Essa singela peça de vestuário demanda três mil e oitocentos litros de água para produzir um único par, e emite 33,4 kg de dióxido de carbono. É o equivalente a deixar uma mangueira de água ligada por quase duas horas sem parar, ou dirigir um carro por mais de 100 km. Mais de cinco bilhões de pares de jeans são produzidos no mundo anualmente. É uma conta assustadora.
No intuito de obter a cor desejada são necessárias várias lavagens. E, para dar aquele efeito destroyed que amamos, utilizam-se água e metais pesados como permanganato de potássio, cromo, mercúrio, cádmio, chumbo, cobre e manganês. Os índices de reciclagem da água empregada são os mais baixos entre todas as indústrias. Para piorar, esses resíduos tóxicos lançados nos rios viajam pelos oceanos até se acumularem em lugares tão distantes como os polos da Terra.

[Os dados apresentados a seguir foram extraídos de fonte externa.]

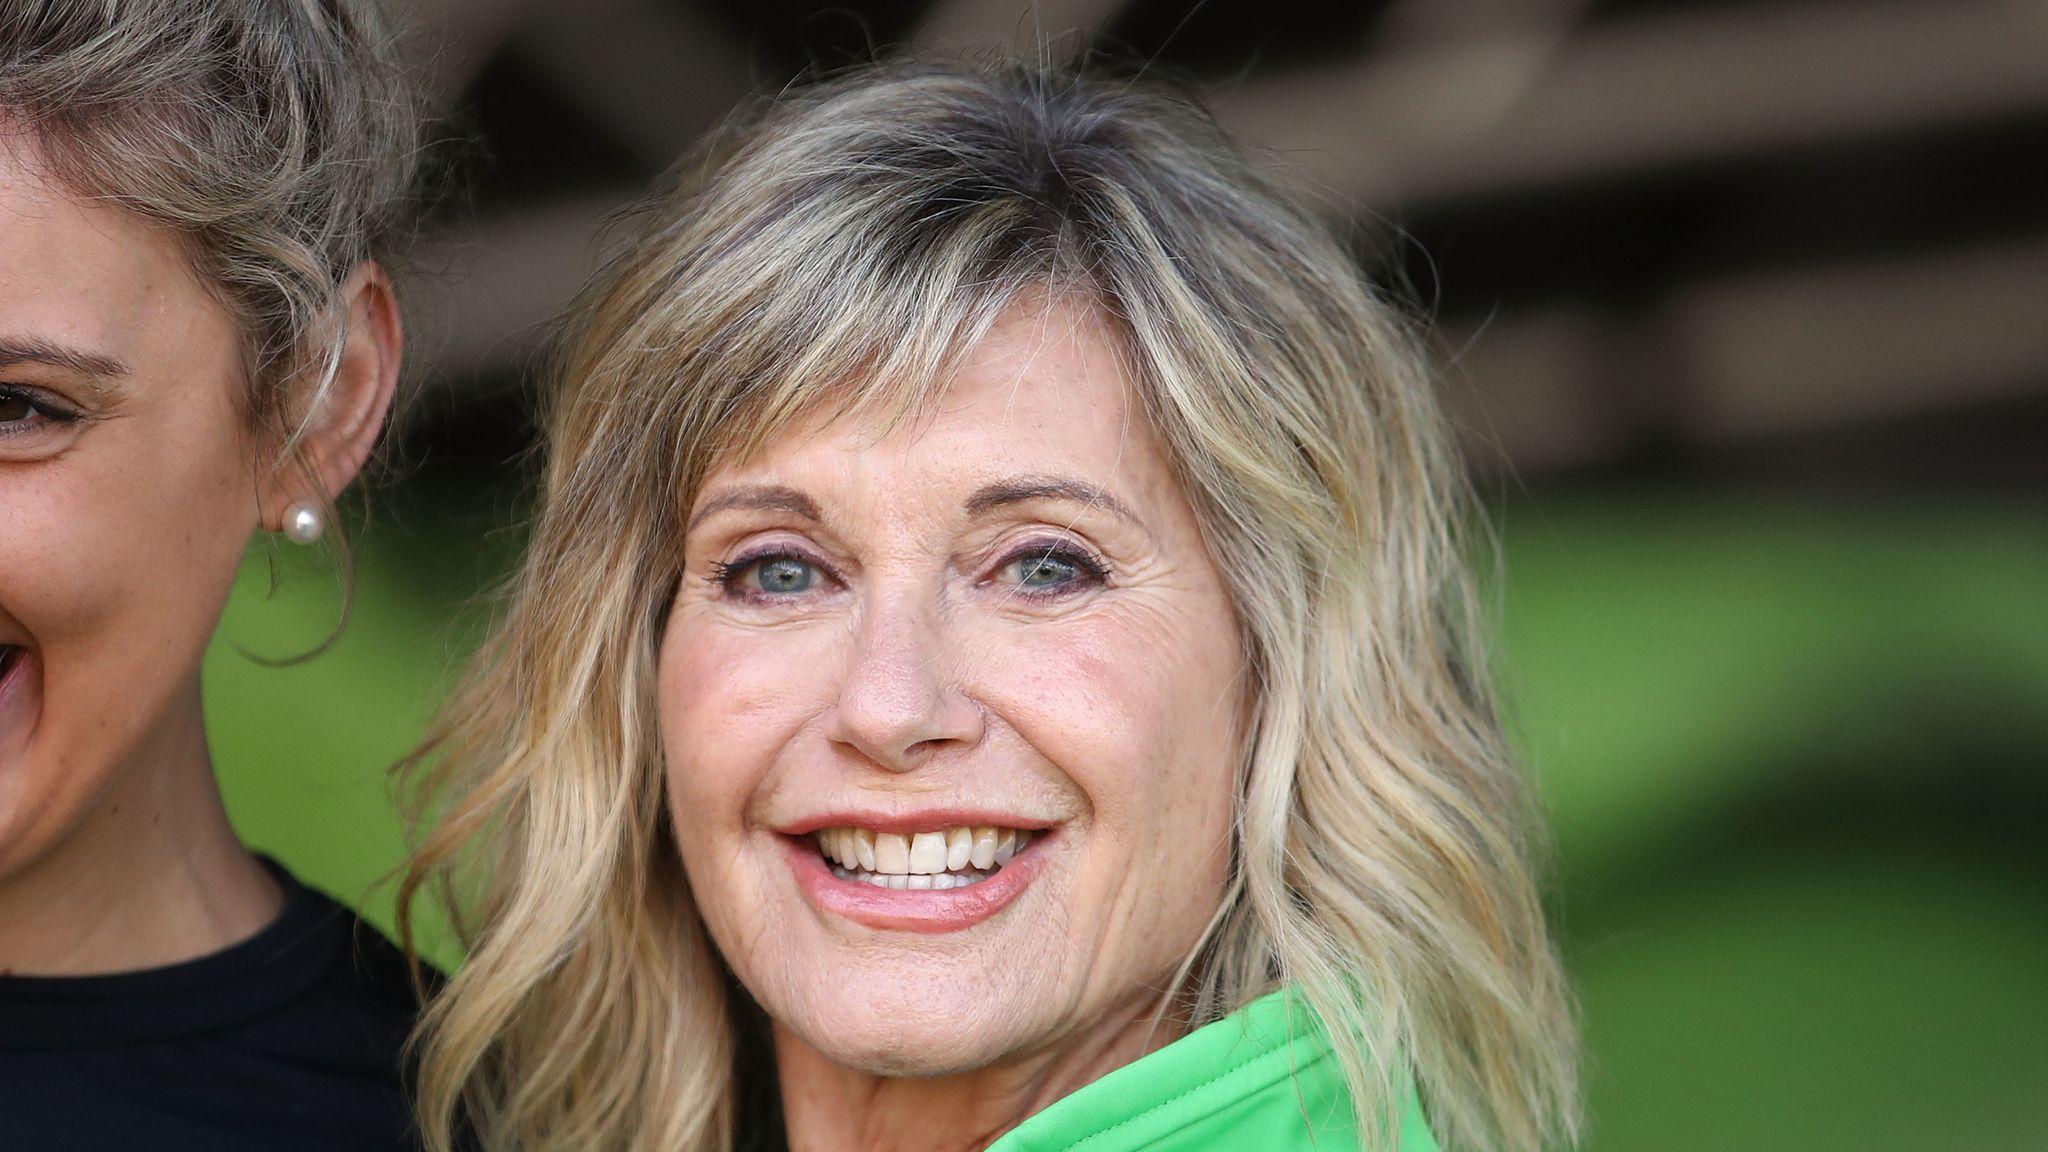 Olivia Newton John In Good Health Amid Rumours Shes Close
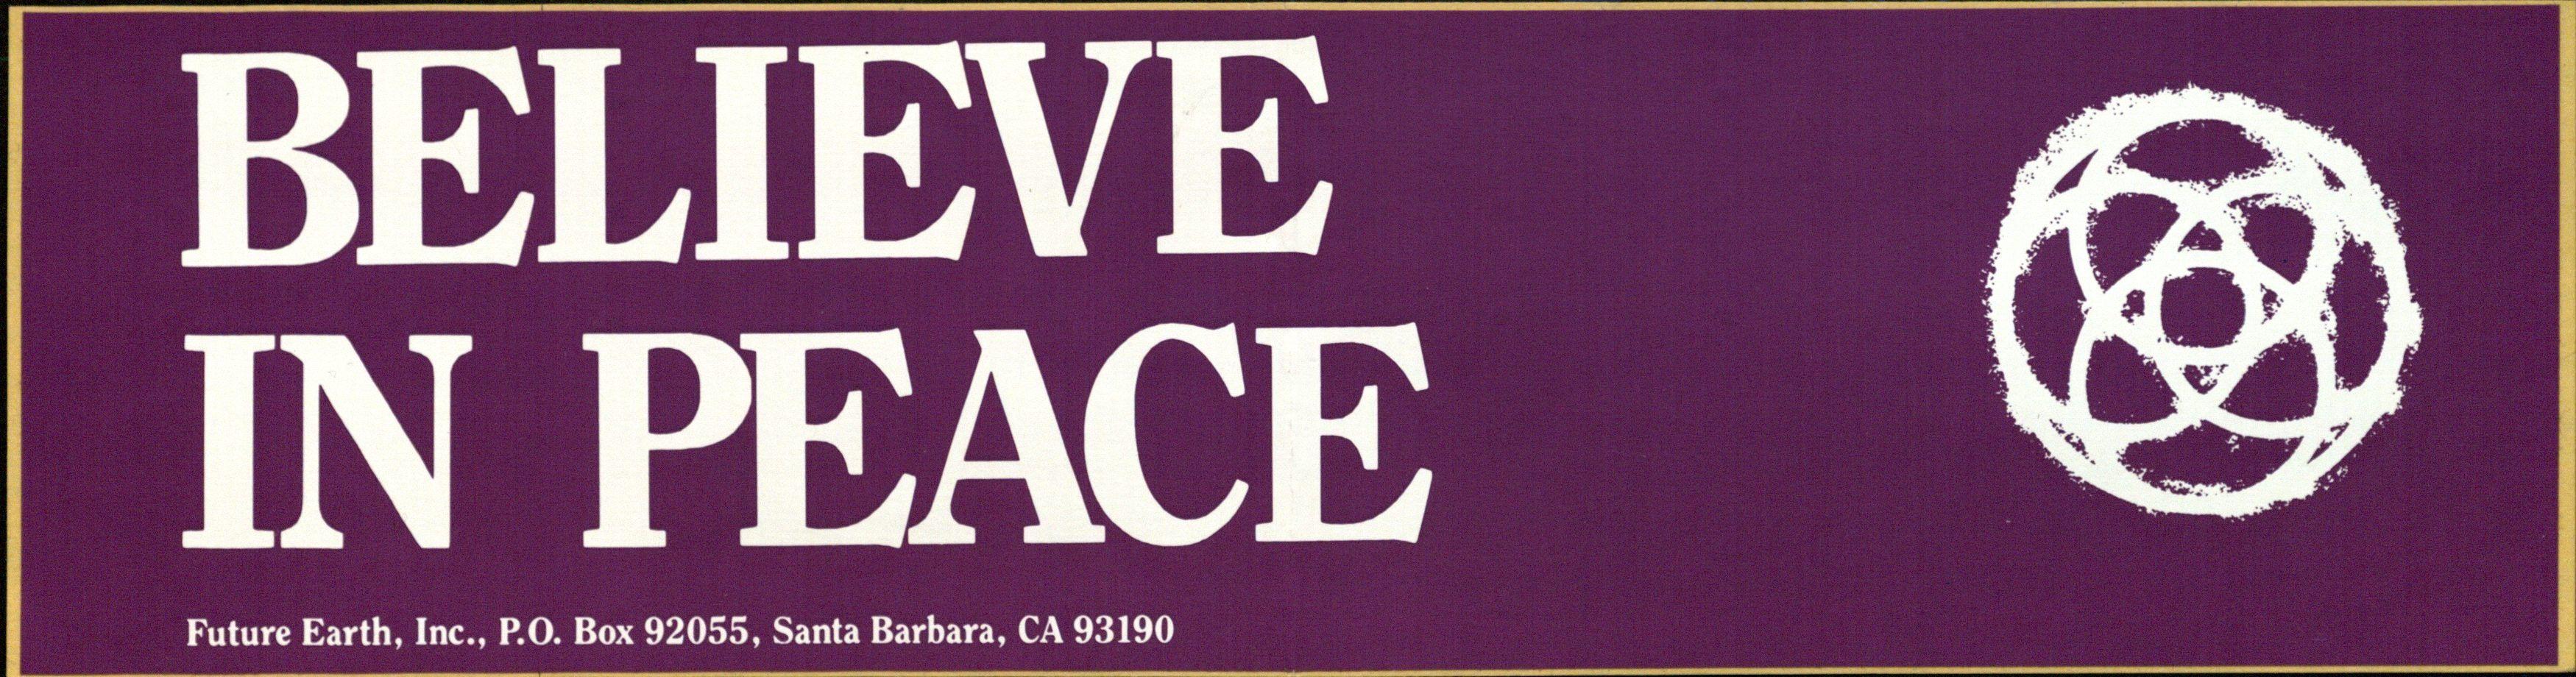 Bumper Sticker: Believe in Peace

O alarme soou, o stress hídrico chegou, e, na frase do celebrado Professor Juarez Freitas (“Sutentabilidade – Direito ao Futuro”, 3ª Ed., Editora Fórum, 2016), os “muros mentais” terão de cair. Felizmente, o alerta está sendo ouvido. A indústria vem mudando suas práticas e grandes transformações tendentes a, se não eliminar, ao menos reduzir fortemente o impacto ambiental em especialmente sobre as reservas hídricas estão surgindo. A disruptividade tecnológica finalmente chega à Indústria Fashion.
A parceria de grandes players do mercado com empresas de tecnologia e start-ups vem permitindo descobertas que conseguem reduzir em 80% o uso de químicos, de água, energia utilizados no ciclo produtivo. Espírito criativo e inovação trabalhando em prol da sustentabilidade e eficiência voltada à melhoria qualitativa do processo.
Por meio de pesquisa avançada, a fabricante italiana Italdenim descobriu que a Quitosana, uma substância encontrada no exoesqueleto dos crustáceos e é descartada pela indústria alimentícia, melhora em centenas de vezes a absorção e fixação da cor índigo do jeans, dispensando as infinitas etapas de lavagens para obter o tom desejado.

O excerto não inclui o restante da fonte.